Жизнь в Венеции продолжалась, но согласитесь…
Замалчивание того, что беда неотвратима, — преступление,
объяснимое лишь тем, что один из демонов Венеции —
ТОРГАШЕСКИЙ ДУХ, алчный, не останавливающийся
перед помехами, мешающими наживе.
Разве такой жалкий торг за неимоверную цену
достоин «ЦАРИЦЫ МОРЕЙ»?! Вспомнили…
ВЕНЕЦИЯ УЖЕ ДАВНО — «ПАДШАЯ ЦАРИЦА»…
То, что «каждый сам за себя» — точно. У Ашенбаха, похоже, свой расчет. У Тадзио тоже своя миссия — уехать ему из Венеции никак нельзя: кто же попавшегося в плен его красоты по зараженным улицам Венеции водить будет?
«Встречи с Тадзио благодаря общему для всех распорядку дня и счастливой случайности теперь уже не удовлетворяли Ашенбаха; он преследовал, выслеживал его. Так, например, по воскресеньям поляки никогда не бывали на пляже, — и он, догадавшись, что они посещают мессу в соборе св. Марка, тотчас же ринулся туда и, войдя с пышущей жаром площади в золотистый сумрак храма, сразу увидел того, кого так искал: Тадзио сидел за пюпитром, склонившись над молитвенником».
«Ашенбах стоял вдали, на растрескавшемся мозаичном полу, среди коленопреклоненных людей, крестившихся и бормотавших молитвы, подавленный громоздкой пышностью восточного храма. Впереди в тяжко великолепном облачении расхаживал, кадил и пел священник, курился ладан, туманя бессильные огоньки свечей у алтаря, и к тягучему сладковатому запаху бескровного жертвоприношения слегка примешивался другой: запах заболевшего города».
Ашенбах придавлен к растрескавшемуся полу —
и в Кафедральном храме подавлен Красотой
«заболевшего города»…
Красота все знает — Красота все скрывает.
Абсолютная красота бесчеловечна…
«Народ толпился на мостах и площадях; и меж них стоял он, чужой в этом городе, стоял, прислушиваясь и раздумывая».
ЧУЖОЙ В ГОРОДЕ ЧЕЛОВЕК —
ЖЕРТВА, НАД КОТОРЫМ БУДЕТ ТВОРИТЬСЯ РАСПРАВА…
«В тесноте переулков запах усилился. На всех углах плакаты от имени отцов города призывали венецианцев ввиду возможности распространения известных заболеваний гастрической системы, неизбежно вызываемых такой погодой, отказаться от употребления в пищу устриц и раковин, а также не пить воды из каналов. Было ясно, что это оповещение изрядно приукрашивает истину».
«Потом он спросил лавочника, стоявшего в дверях своего заведения среди связок кораллов и ожерелий из поддельных аметистов, что значит этот роковой запах. Тот бросил на него печальный взгляд, но поспешил приободриться. «Предупредительные меры, сударь, — отвечал он, жестикулируя. — Распоряжение полиции, которое нельзя не одобрить. Эта погода угнетает человека, ничего нет вреднее сирокко. Одним словом, осторожность, может быть и излишняя, но сами понимаете…»

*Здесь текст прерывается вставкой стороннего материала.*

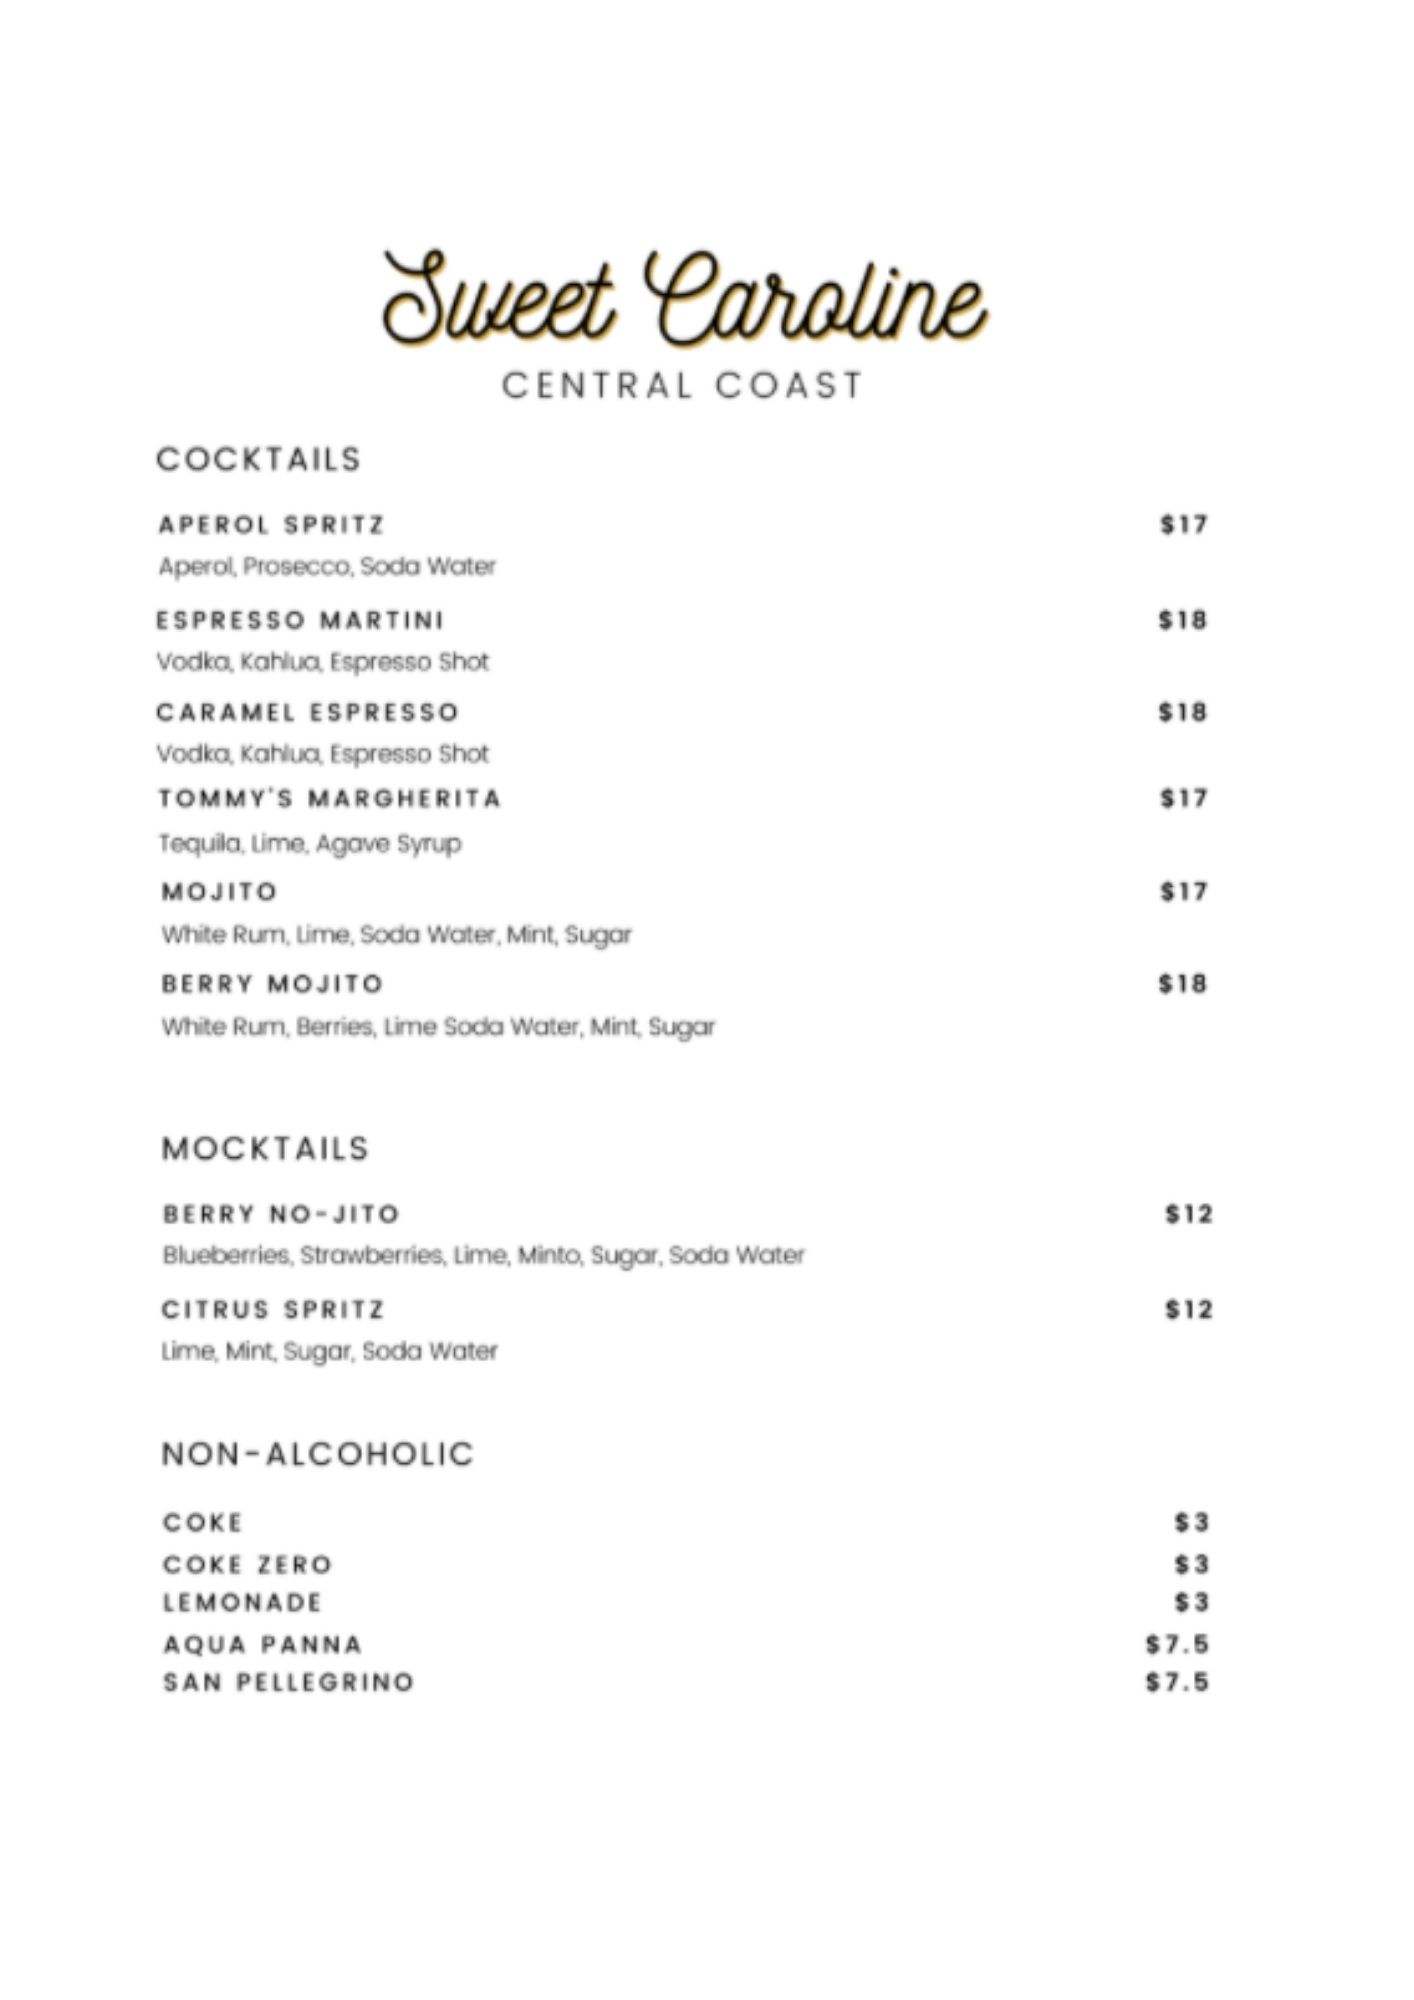 Sweet Caroline Cafe East Gosford Central Coast - NSW | OBZ Online Business Zone

«Катастрофа, надвигавшаяся на внешний мир, преисполнила его сердце удовлетворением. Страсти, как и преступлению, нестерпима благополучная упорядоченность будней, она не может не радоваться всем признакам распада узаконенного порядка, любому отклонению от нормы, ибо смутно надеется извлечь выгоду из смятения окружающего мира».
«Так и Ашенбах испытывал безотчетное удовлетворение от событий на грязных уличках Венеции, которые так тщательно замалчивались, от этой недоброй тайны, сливавшейся с его собственной сокровенной тайной, — отчего ему и было так важно блюсти ее. Влюбленный, он беспокоился лишь об одном, как бы не уехал Тадзио, и, ужаснувшись, понял, что не знает, как будет жить дальше, если это случится».
Добропорядочный гражданин Мюнхена, ранее так заботившийся об общественном признании, под воздействием Лжи, которой пропитана Венеция и в действиях полиции, и в архитектуре своей, за «румянами» мертвый лик прячущей, становится ПРЕСТУПНИКОМ…
Ему нестерпима благополучная упорядоченность будней.
Он радуется признакам распада узаконенного порядка.
Из отклонения от нормы, из смятения окружающего мира
смутно надеется извлечь выгоду. Какую?
Мгновенную и даже для предмета любви опасную…
Все границы снесены, все барьеры перейдены,
все в единый порочный круг схвачено…
Ашенбаху «приходилось останавливаться, когда они замедляли шаг, скрываться в таверны или прятаться в подворотнях, чтобы пропустить их, когда они неожиданно поворачивали; он терял их из виду, разгоряченный, запыхавшийся, гнался за ними по мостам, забирался в грязные тупики и бледнел от страха, когда они внезапно попадались ему навстречу в узком переходе, из которого нельзя было ускользнуть».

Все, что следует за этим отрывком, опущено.